◆ Instructions for the task
Everything in the data gets repeated exactly, except for the pictures.

◆ Stored data
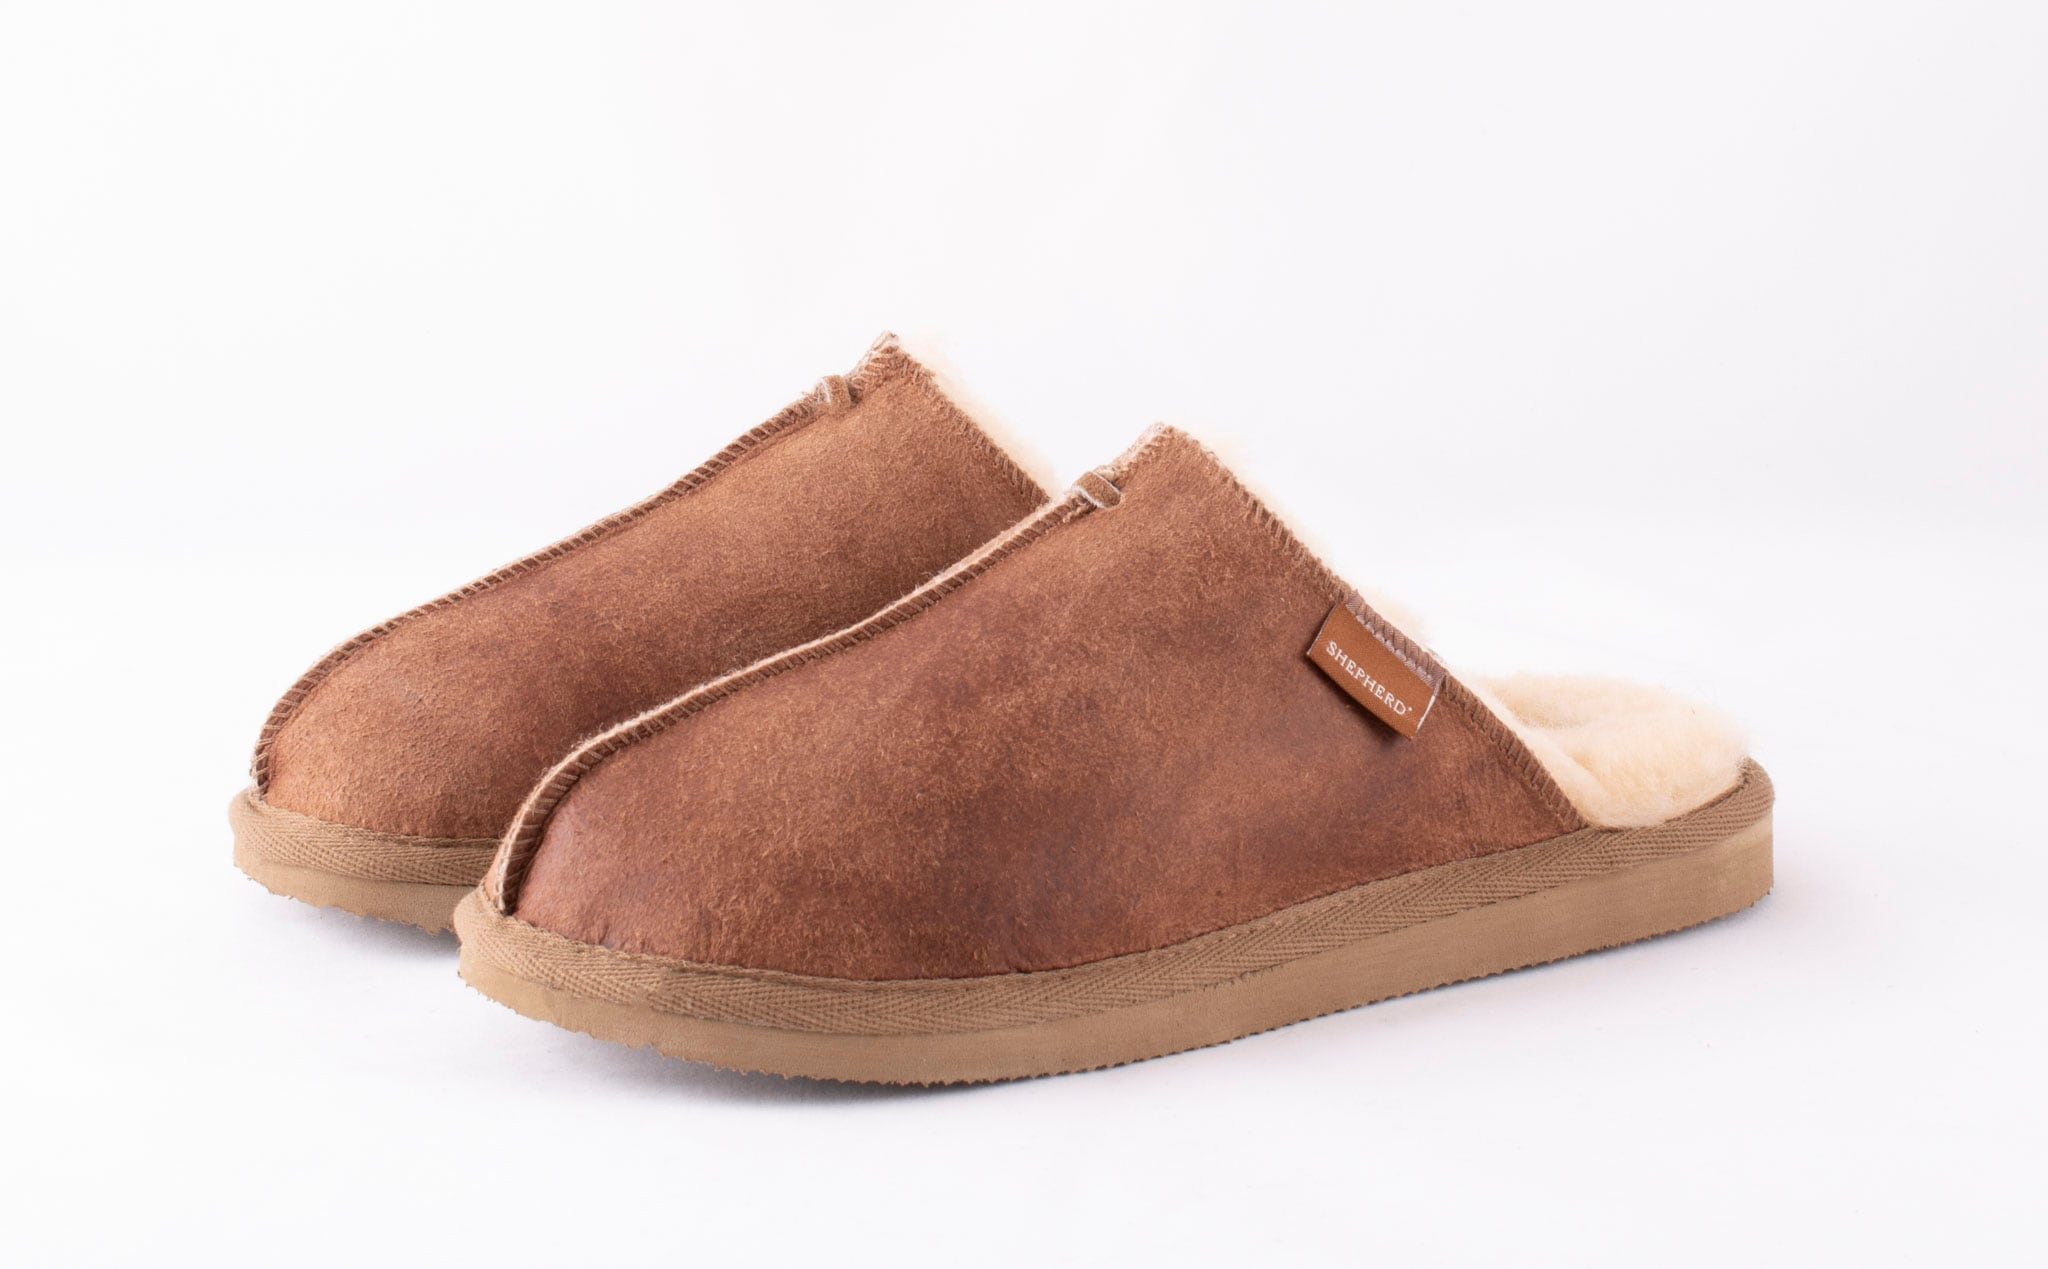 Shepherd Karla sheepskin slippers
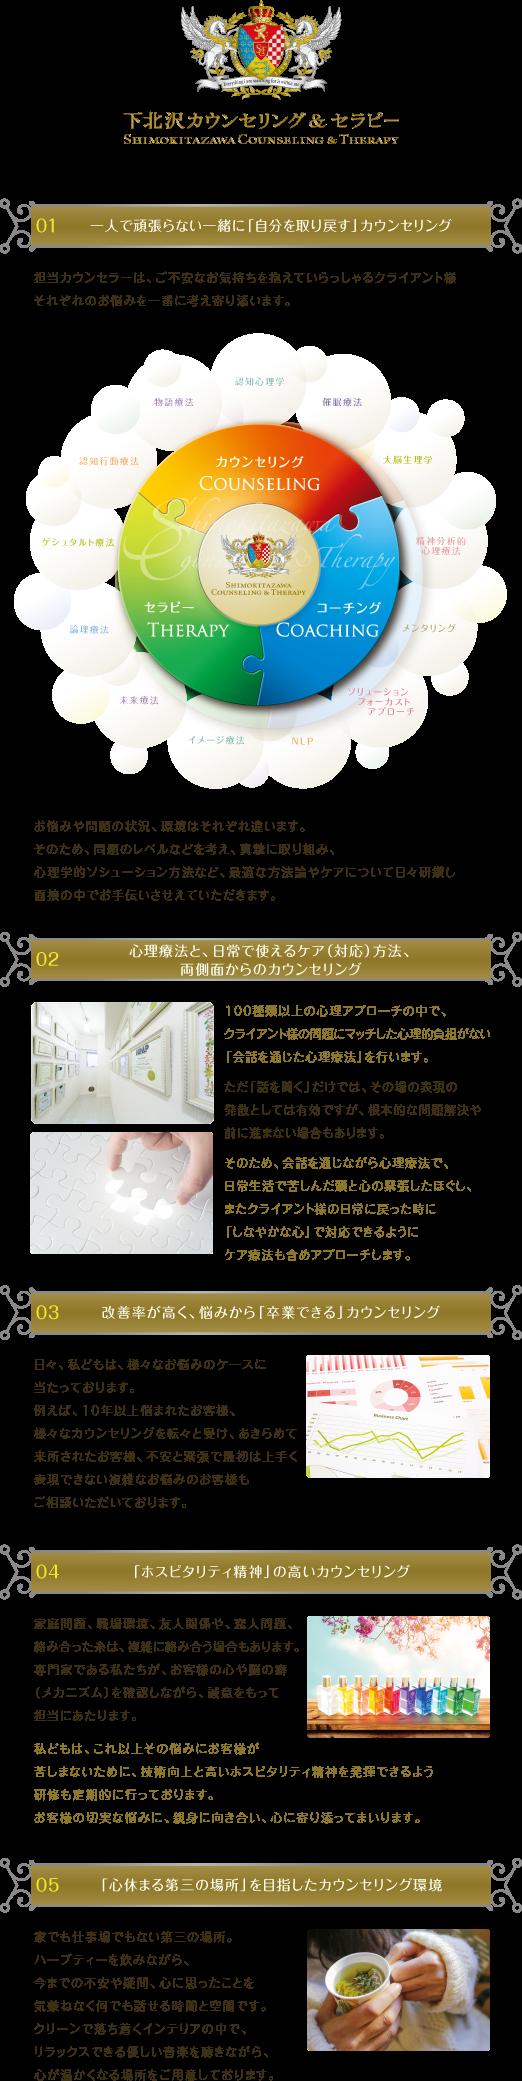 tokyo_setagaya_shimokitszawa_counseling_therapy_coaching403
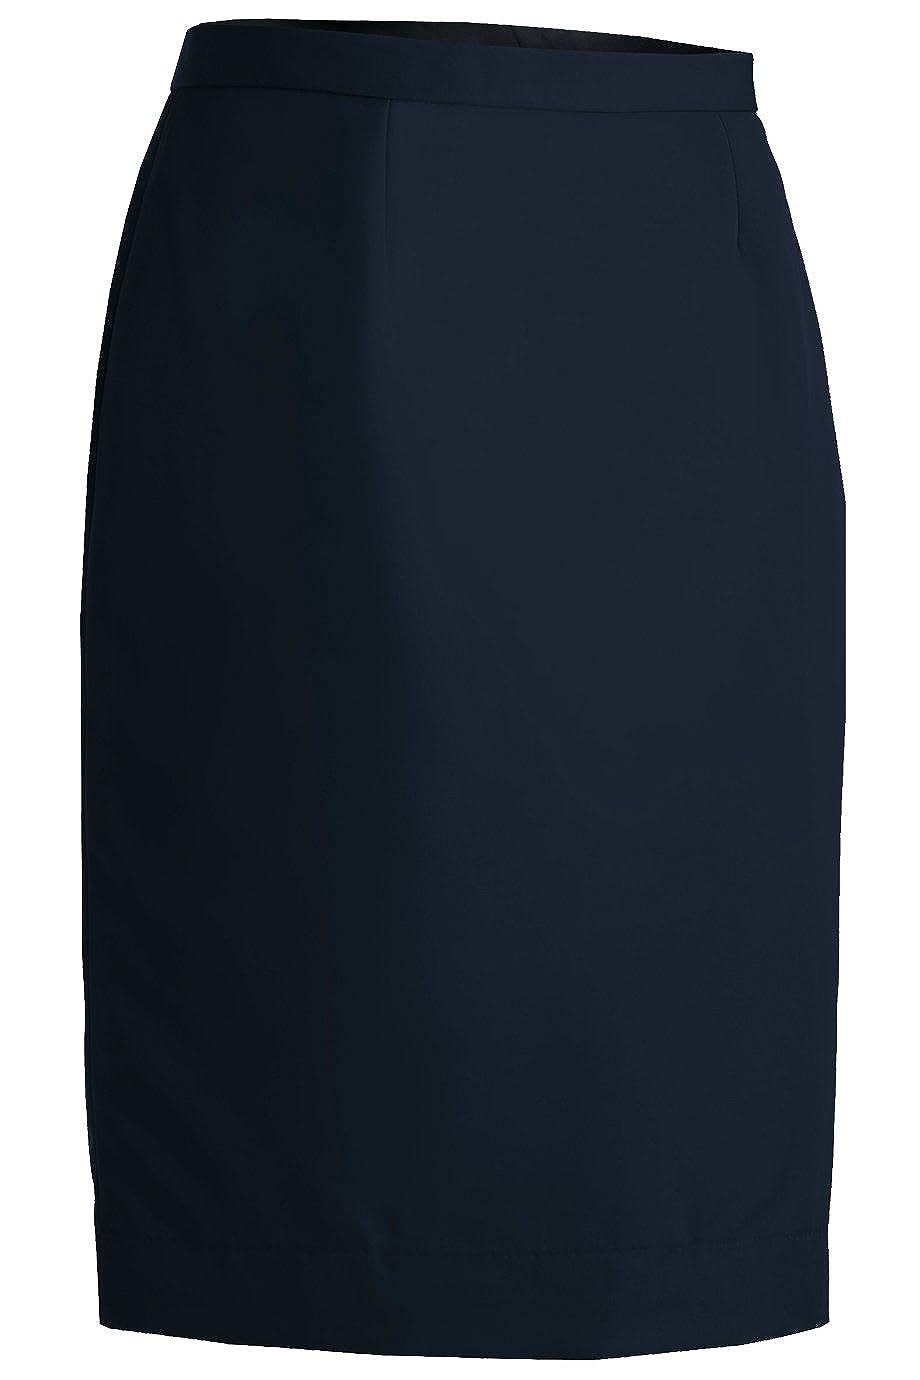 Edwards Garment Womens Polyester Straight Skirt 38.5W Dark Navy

◆ Response to this exercise
 Shepherd Karla sheepskin slippers
 tokyo_setagaya_shimokitszawa_counseling_therapy_coaching403
 Edwards Garment Womens Polyester Straight Skirt 38.5W Dark Navy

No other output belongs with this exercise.